To some of your customers, money is no object. No matter how high the cost of the system you’re proposing, some customers are spending more on the bathroom fixtures for their new house. But most homeowners are budget-conscious and looking to save money whenever they can. Heck, I’m sure you’re the same way when it comes to buying an excavator or tools for your crews. Ask customers about their expectations and do whatever you can to come up with the most effective solution for the money. Running a small business is all about making money to support your family and your workers’ families. But you need to strike a balance between profits and the needs of your customers.

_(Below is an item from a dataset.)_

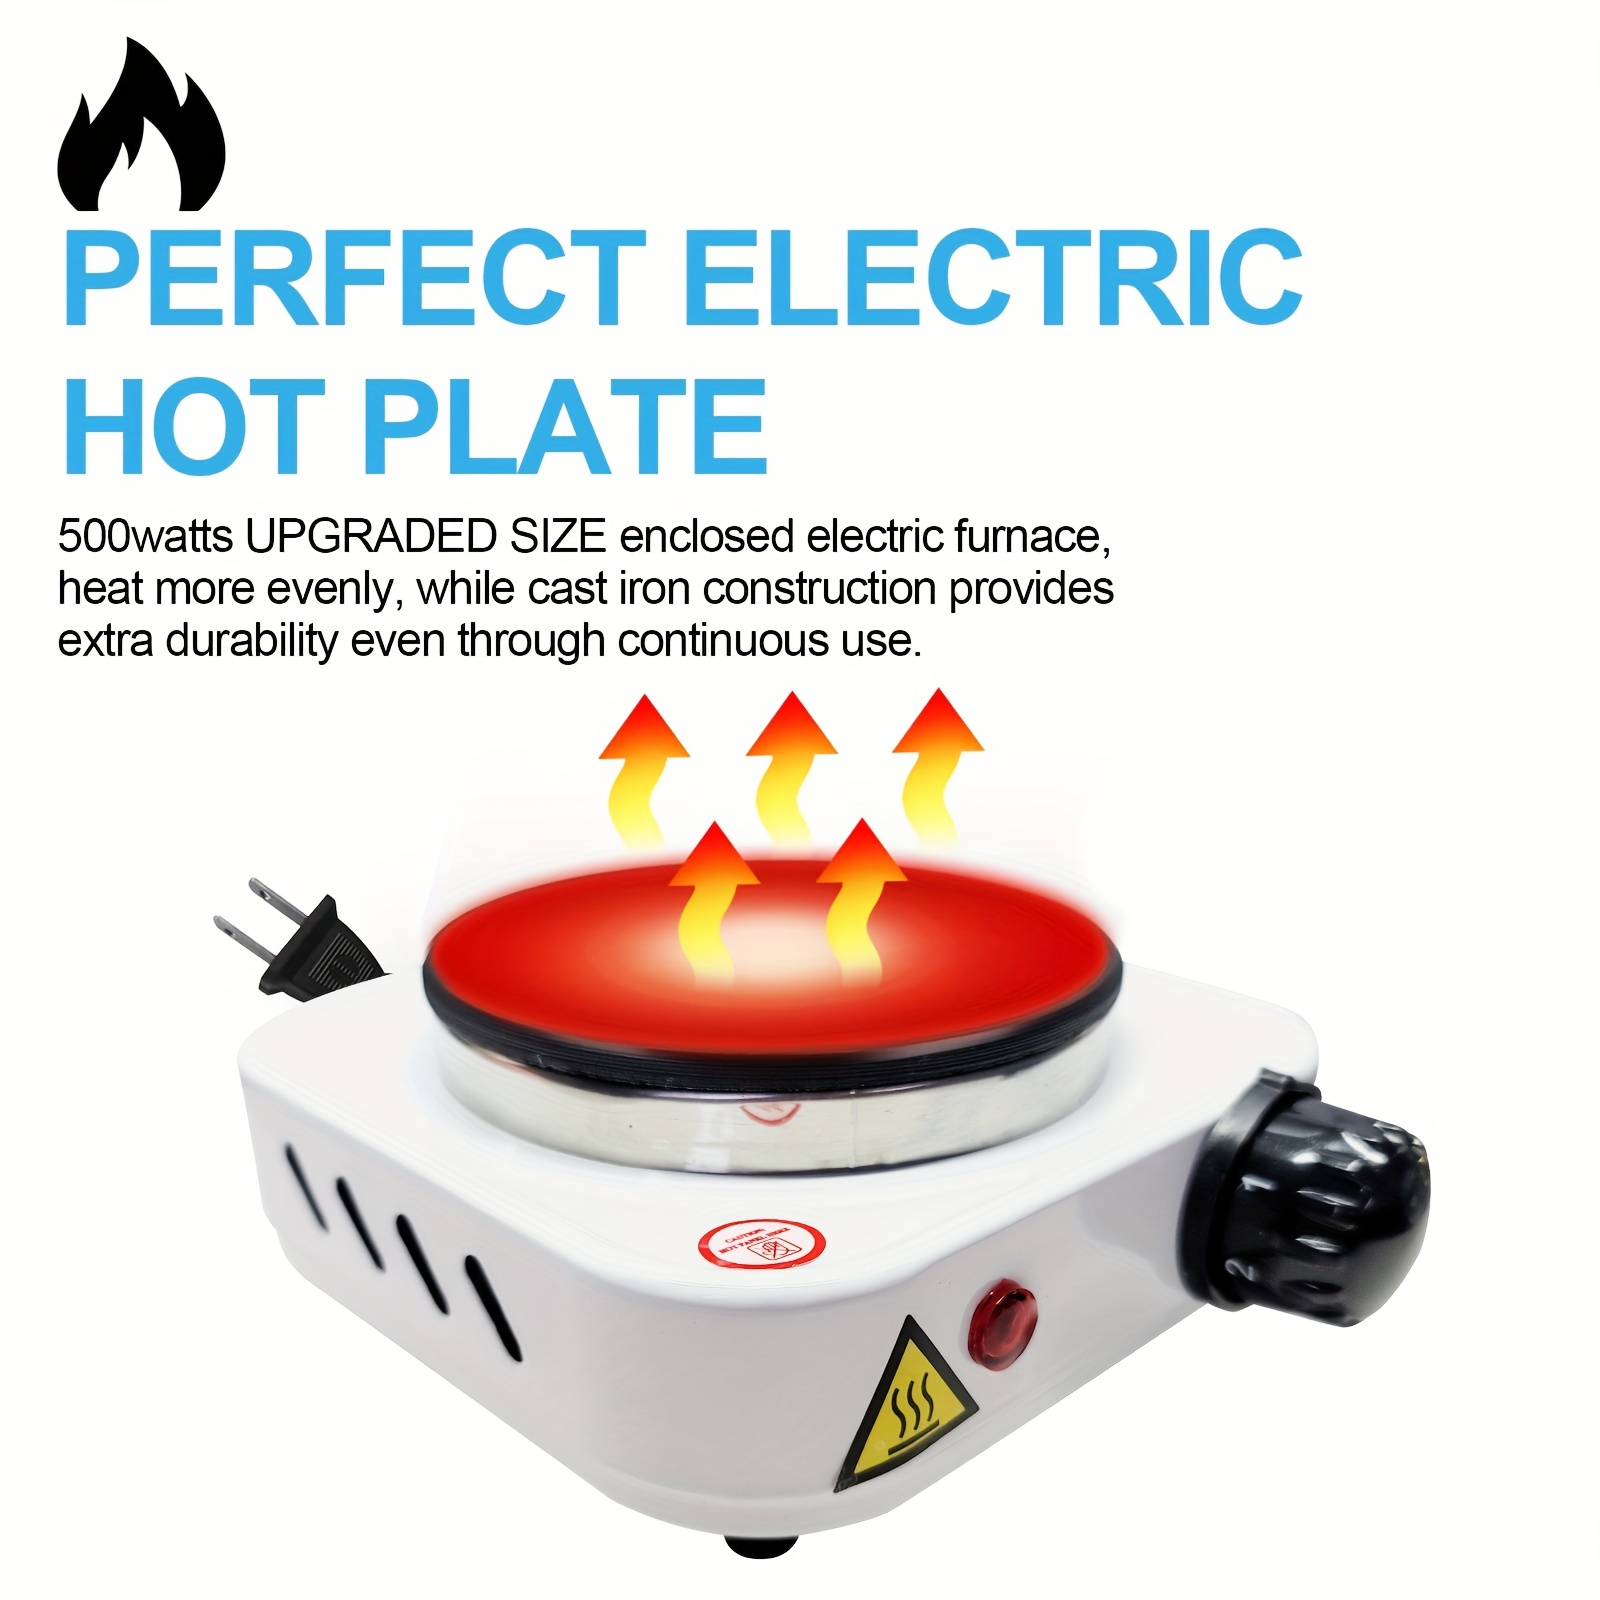 Hot Plate for Candle Making Electric Hot Plate for Melting Wax

Provide service after the sale.
With the complexity of new onsite technologies, we’re quickly moving away from the “set it and forget it” mentality of the gravity systems of yesterday. Through operations and maintenance, you will build more long-term and regular customer interactions. Homeowners will become accustomed to paying for the added convenience of routine system care and we all need to embrace that new service norm. Don’t wait for them to ask you to clean filters or check the control panel. Offer those services up front, before they sign the contract to install the system. Your reputation as a contractor depends on new advanced systems and components working properly for the long term. When a customer calls with a problem, fix it now and talk about their maintenance needs later.
Consider every customer a referral generator.
Remember the problem customer who you couldn’t satisfy no matter how hard you tried? Your relationship reached a tipping point where you wish they never contacted you in the first place. As bad as things got on that job, you had to resist the urge to come down hard on them. A customer who’s had a negative experience can take future work away from you by complaining to friends, relatives and neighbors. The same is certainly true of a customer who’s had a good experience with you. A customer who considers you a friend and advocate for their onsite system will spread a positive message that will land you more customers in the future.
Show compassion in an emergency.
When a panicked customer calls, put yourself in their situation and think about how you’d like to be treated. Like my mechanic Craig drops everything and responds when someone’s car won’t start on a cold winter morning, you must act quickly to a call about a failing septic system. A great sense of helplessness and vulnerability accompanies an onsite crisis, and the way you react may build amazing loyalty or great resentment from the customer. They are relying on you as an industry expert. Save the day and they’ll be singing your praises to friends and neighbors, who will then call you when they have a problem.
While he was working hard to diagnose my ignition problem, something Brian said really stuck with me. His goal was to solve my problem as efficiently as possible without charging me for parts and labor that were unnecessary. My budget was more important than his bottom line. But he knows that doing his best for me will ultimately help his business. His attitude will cultivate more customers in the long run.